Refinancing hits all-time high

As borrower refinancing between lenders hits a record high, investors flood back into the market

Borrower refinancing of mortgages between lenders hit an all time high of $17.2 billion in July, according to data from the Australian Bureau of Statistics.

The value of refinancing skyrocketed 60% year over year, according to Katherine Keenan, ABS head of finance and wealth.

“This reflected borrowers seeking out lower interest rates, particularly for fixed-rate loans, and cashback deals across a large number of major and non-major banks,” Keenan said.

Canstar group executive of financial services Steve Mickenbecker said the jump was “whopping.”

“And why not, when Canstar lists over 200 interest rates below 2%,” Mickenbecker told The Australian.
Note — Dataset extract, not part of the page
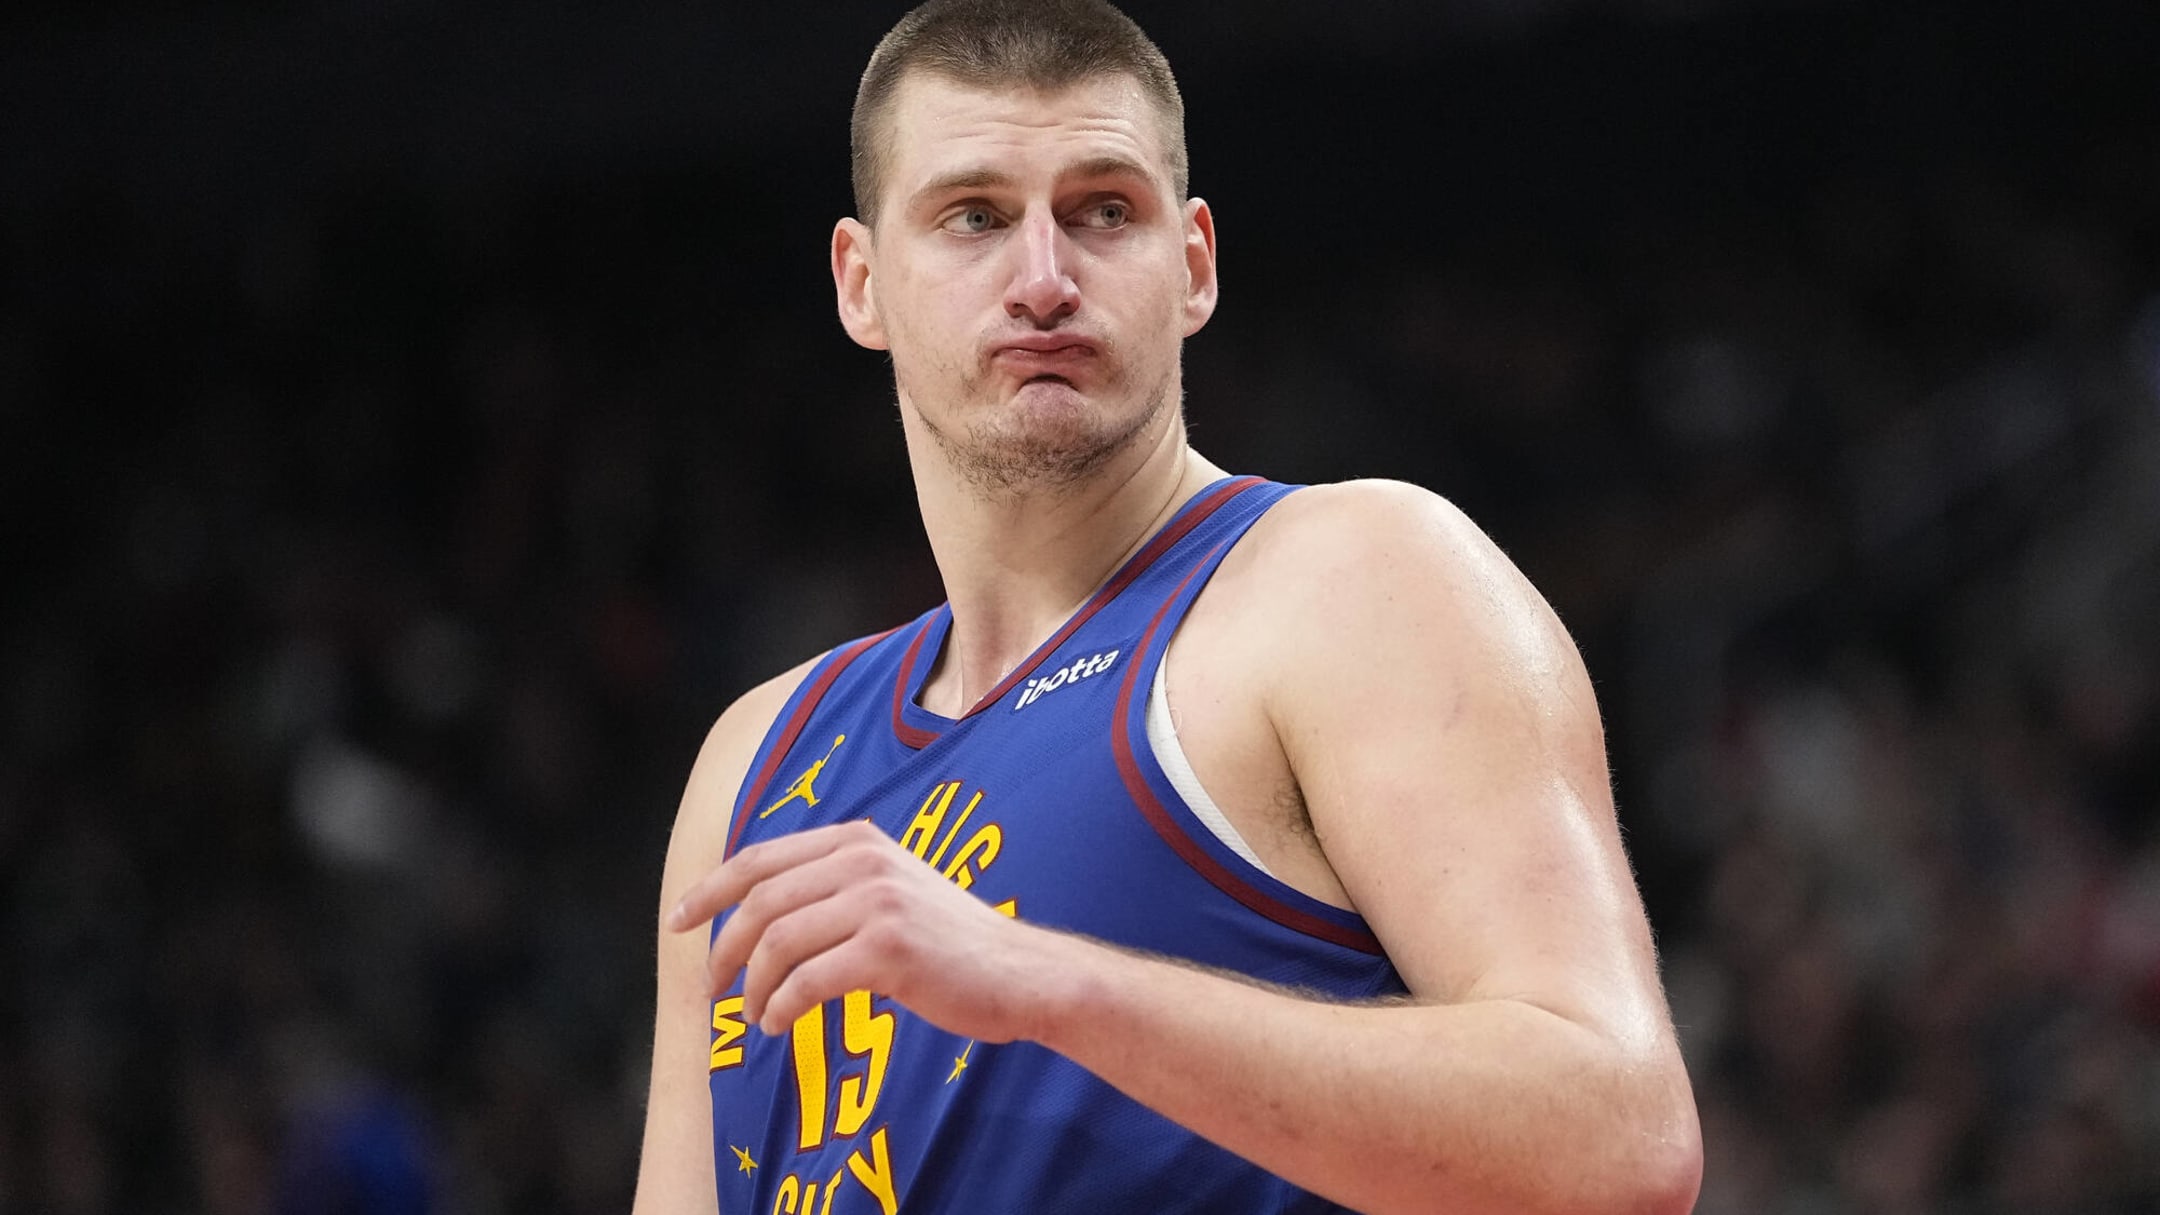 Nikola Jokic Leaves Nike and Gets New Signature Shoes With 361 Degrees

The ABS data also revealed that the value of new mortgage commitments, excluding refinancing, rose 0.2% in July on a seasonally adjusted basis, according to The Australian.

Investors are also flooding back into the market, The Australian reported. Investor loan commitments rose 1.8% in July, partially offsetting a 0.4% fall in owner-occupier mortgages.

“Investor loan commitments have seen an unbroken period of growth since October 2020 and almost doubled in value compared to a year ago,” the ABS said.

Mickenbecker told The Australian that the ABS data showed that lockdowns had “only just” dented mortgage lending.

“There has to be an expectation that August approvals will show a greater lockdown impact, with the number of auctions in Sydney nearly halving over the past few months, while Melbourne auction rates have dived,” he said. “Prior to this round of lockdowns, the biggest questions were when or if we would see a property market correction. The threat of extended lockdowns in the country’s biggest property markets was hardly factored in, with the focus having been around affordability and sustainability in the face of closed overseas borders. The speculation has now shifted to whether we will see a repeat of the last 12 months’ spectacular recovery out of the first lockdown.”

Mickenbecker said that property prices were “moderating but not correcting,” and at this stage vendors still expected that high vaccination rates would help the market “return to business as usual.”

He pointed out that lending to first-home buyers fell almost 7% in July, but said the fall wasn’t due to lockdowns, but was a product of being priced out of the market as government incentives expired.

While first-home buyer lending was up 36% year over year, it trailed the 99% spike in property investment and the 58% jump in owner-occupier borrowing, The Australian reported. The Real Estate Institute of Australia said first-home buyers were “fleeing the market.”

“The largest fall was seen in Victoria, followed by Queensland and NSW, and it is likely these states will experience further falls as lockdowns continue to impact on the market,” REIA President Adrian Kelly said.

However, Kelly said that investors re-entering the market was a good thing for private rentals and overall confidence in the economy, The Australian reported.